The inner-most SELECT filters on posands and posors. This gives us everything we need to check LE and gather seed values. (Note that this might as well be a good opportunity to float col2 as well. Then you don't have to do it in the main query. As long as you are making a full scan here anyway, the extra work won't cost much.)

Note that the CASE statements for col4 reverse the condition from negative to positive.

To check for LE (per bucket), we would first check count(DISTINCT col3_a_uid) and count(DISTINCT col3_b_uid). These correspond to the two nodes (col1 = ? and col2 = 'x' and col3 = 'a' and col4 <> 'j' and col4 <> 'k') and (col1 = ? and col2 = 'x' and col3 = 'b' and col4 <> 'j' and col4 <> 'k'). If the counts are 0 or 1, then they are LE. If 3 or more, they are not LE.

If 2, then we need to seed a noisy threshold. The seed consists of the set of seed elements of all the five conditions in the node. In this particular example we could seed from just SQL inspection plus the value of col1 in the bucket, but for this example lets suppose that is not the case. The values used for the seed material for the first posor comes from the following (all the other symbols are as we do today):

If either if these nodes are LE for a given bucket, then we make a noise layer from the same seed and add this noise layer to the final answer for that bucket. We also adjust the final answer down (because these are posors) by 1 or 2 if the node is 1e or 2e respectively. Note that if both nodes are LE for a given bucket, then most likely the bucket will fail LCF since LCF is performed after adjustment.

If for a given bucket a posor node is not LE, then the two negands inside the posor are each checked for LE. Note that if the same condition is LE within different posors, then to avoid having duplicate seeds, the second and subsequent seeds have an additional symbol which is a counter and differs for each subsequent layer.

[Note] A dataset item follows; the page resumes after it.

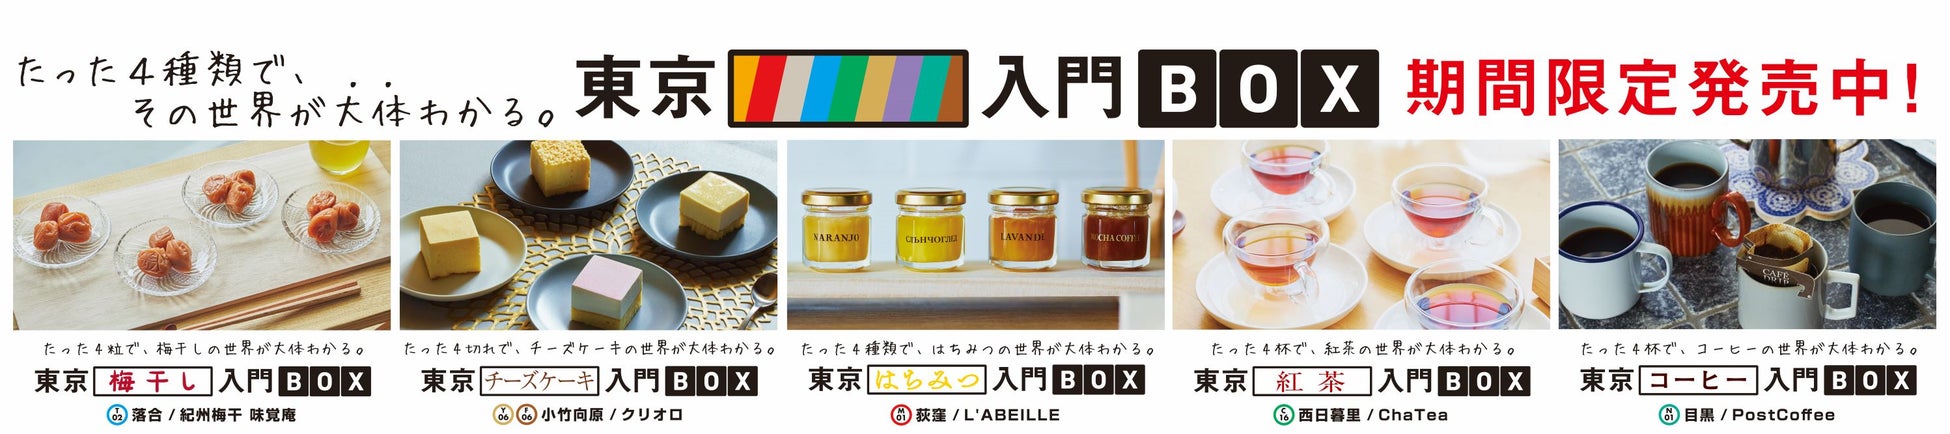 博報堂、東京メトロと共同で新たな食体験を提供する「東京〇〇入門BOX」を発売開始

Looking at col4 <> 'j', the check follows the same steps as for the posor above. Namely, if count(DISTINCT col4_a_j_uid) is 0 or 1, the negand node is LE, if 3 or more it is not LE, and if 2 we make a seed from the node using min(col4_a_k_col) and max(col4_a_k_col) as the values, and use the resulting seed for a noisy threshold check.

If the node is LE, the we'll generate a separate noise layer for this node in the final answer, and adjust the final answer by 1 or 2 if 1e or 2e respectively.

Finally, if either or both posors are not LE, then we'll make a composite noise layer. This noise layer is seeded from all conditions in each posor that is not LE, but without duplicate conditions.

By way of example, suppose that the posor (col1 = ? and col2 = 'x' and col3 = 'a' and col4 <> 'j' and col4 <> 'k') is LE and the posor (col1 = ? and col2 = 'x' and col3 = 'b' and col4 <> 'j' and col4 <> 'k') is not LE. Further suppose that the negand col4 <> 'j' is LE. Then the composite noise layer would be seeded from col1 = ?, col2 = 'x', col3 = 'b', and col4 <> 'k'.

If on the other hand both posors are not LE, and the negand col4 <> 'j' is LE, then the composite noise layer would be seeded from col1 = ?, col2 = 'x', col3 = 'b', col3 = 'a', andcol4 <> 'k'`.

Example 2

SELECT col1, col2, count(*)
FROM table
WHERE col3 = 'x' AND
      (col4 = 'j' OR (col4 = 'k' and col4 <> 'l'))
GROUP BY 1,2

The expression would be normalized to:

(col3 = 'x' AND col4 = 'j') OR
(col3 = 'x' AND col4 = 'k' and col4 <> 'l')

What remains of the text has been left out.